Welcome to a great hobby! Your probably already aware of this but I'll say it anyway, the single most important thing to turning out a great beer is sanitization. Anything that is going to touch the wort after the boil must be sanitary. Almost anything you brew will at least be drinkable if you avoid contamination.

That said, are you leaping into all grain right off the bat or doing an extract batch?

howtobrew.com is an exclent resource for the beginning home brewer. I refered to it many time for my first several batches.


----------



## gvarsity (Dec 12, 2006)

Congratulations. There is a real satisfaction to drinking a beer you brewed yourself.


----------



## Warhorse545 (Oct 16, 2005)

About dang time. And watch it close, you DO NOT WANT A BOIL OVER.



Trust me on this. :cb 


Stacey


----------



## newcigarz (Feb 11, 2007)

Good Luck, Let us know how it turns out. :ss


----------



## Hydrated (Aug 9, 2006)

Warhorse545 said:


> About dang time. And watch it close, you DO NOT WANT A BOIL OVER.


Can you say "Molasses Flavored Concrete"?


----------



## mikey202 (Dec 29, 2005)

OK, here is an update,

yesterday we started the process.....

the stuff...the grains,malts,hops.  The 'lil ones..... boiling the mash,after 60 minutes,the hop pellets,hops and finishing hops....


----------



## mikey202 (Dec 29, 2005)

checking the % and cooling 
EAT 'LIL ones!!! EAT!!!
My buddy called me and said our "creation" was bubbling nicely..YEA!!!!!


----------



## john51277 (Feb 27, 2007)

mikey202 said:


> OK, here is an update,
> 
> yesterday we started the process.....
> 
> the stuff...the grains,malts,hops.  The 'lil ones..... boiling the mash,after 60 minutes,the hop pellets,hops and finishing hops....

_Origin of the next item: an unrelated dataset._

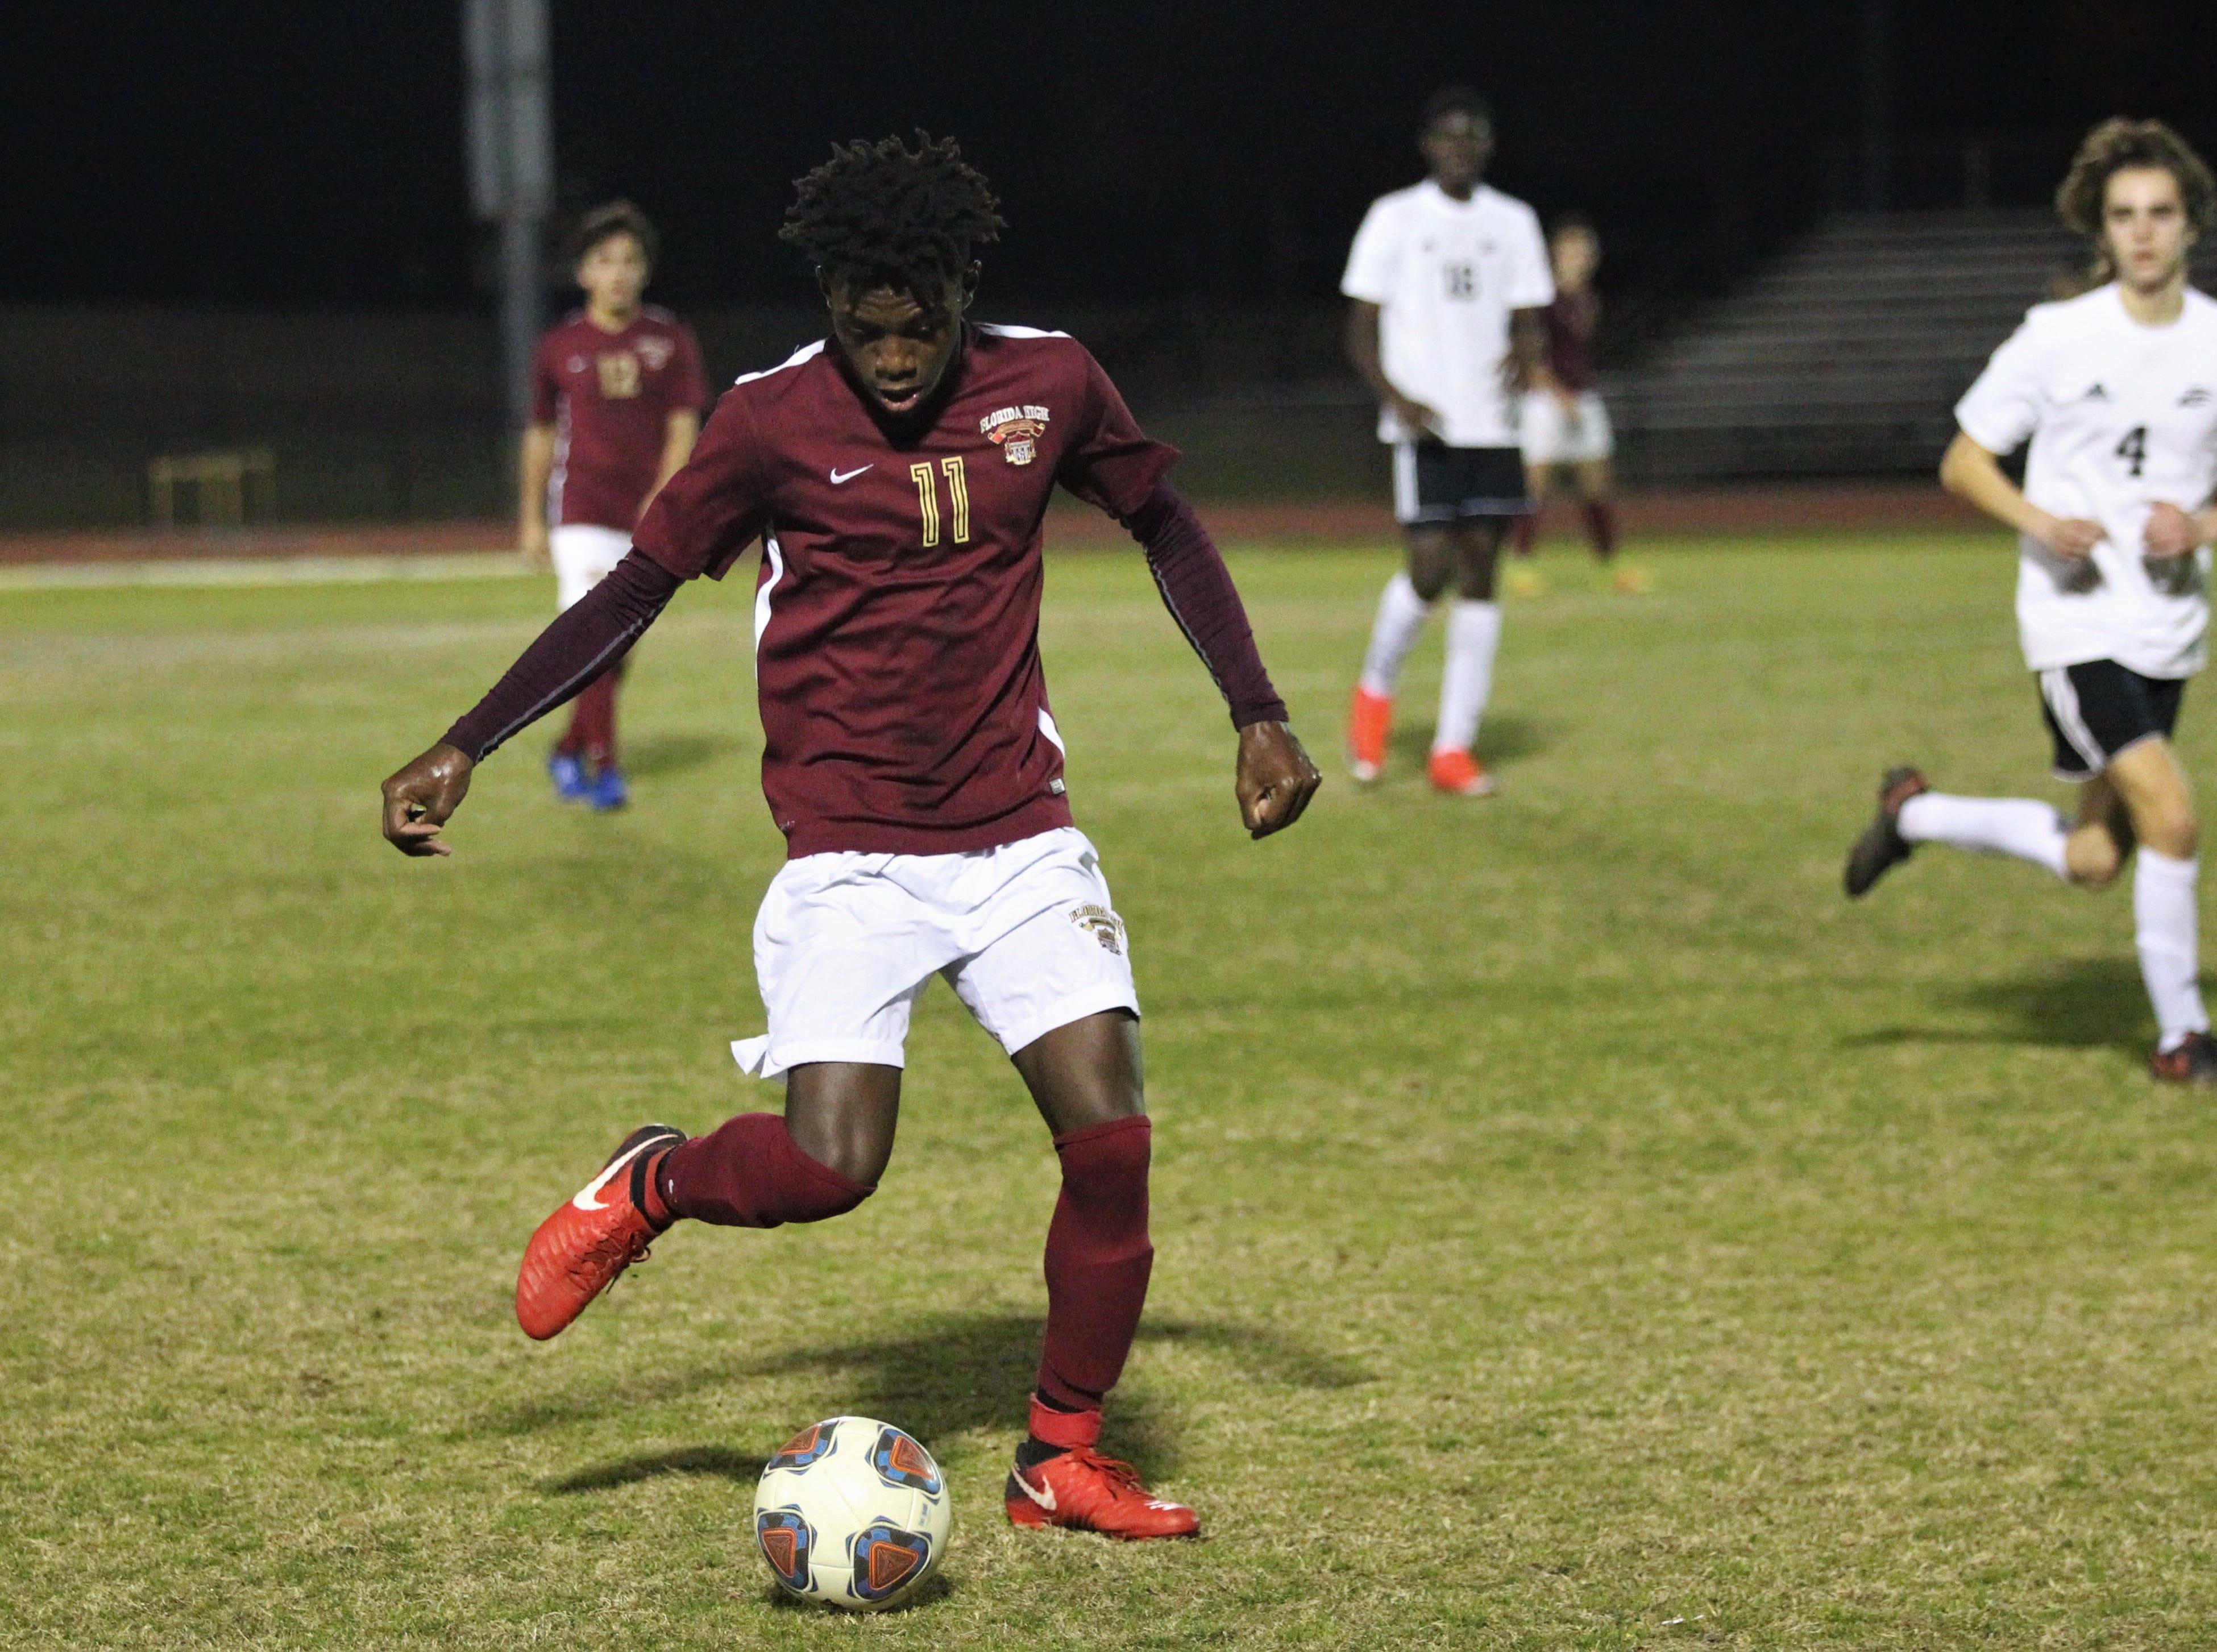 Florida High's Zuri Robertson makes a pass ahead as Florida High's boys soccer team beat South Walton 2-0 during a Region 1-2A quarterfinal on Feb. 6, 2018.

That water level had to produce a boil over. It only had like an inch to go, I bet there is a nice sticky spot on the driveway huh????


----------



## newcigarz (Feb 11, 2007)

mikey202 said:


> checking the % and cooling
> EAT 'LIL ones!!! EAT!!!
> My buddy called me and said our "creation" was bubbling nicely..YEA!!!!!


Looking Good!!:tu


----------



## mikey202 (Dec 29, 2005)

Yummy!!! Paws the Brew dog is happy!!!
Transfering to the carboy Sit and wait again...


----------



## Commander Quan (May 6, 2003)

Was that a 5 or 6.5 gallon carboy? Oh and just a word of advice be careful setting those on a cement or tile floor I always set mine on a collapsed cardboard box. The I've heard some horror stories of people setting them down and them breaking. The one guy ended up with some nice stitches in his leg.


----------



## gvarsity (Dec 12, 2006)

Great pics can't wait to hear your beer review.


----------



## mikey202 (Dec 29, 2005)

Well...I'm at the point of no return on a new hobby. My wife said,"You won't do the regular dishes, but you'll wash 45 beer bottles and not complain!!!":r 

Note to all you homebrewers, Flying Dog Brewery uses some kind of superglue on their labels. This is a prep wash that I did on these bottles to knock of the dust,mold from the inside, labels,ect.
I have 23 nice 16oz german beer bottles and about 14 other 12oz and 1 20oz.

So, hopefully we'll bottle in the next day or so. :ss :tu :al


----------



## Commander Quan (May 6, 2003)

mikey202 said:


> Well...I'm at the point of no return on a new hobby. My wife said,"You won't do the regular dishes, but you'll wash 45 beer bottles and not complain!!!":r
> 
> Note to all you homebrewers, Flying Dog Brewery uses some kind of superglue on their labels. This is a prep wash that I did on these bottles to knock of the dust,mold from the inside, labels,ect.
> I have 23 nice 16oz german beer bottles and about 14 other 12oz and 1 20oz.
> ...


The best way I've found to take labels off is to let them soak 12-24 hours in the utility tub downstairs in hot water and a maybe 2 cups of bleach. Sometimes there will be labels floating on top of the water by that point. Or I am just lazy and leave the original labels on them and just fill 'em up.


----------



## Badkarma (May 26, 2006)

And you think cigars and pipes are a slippery slope!!!!!!!!!!!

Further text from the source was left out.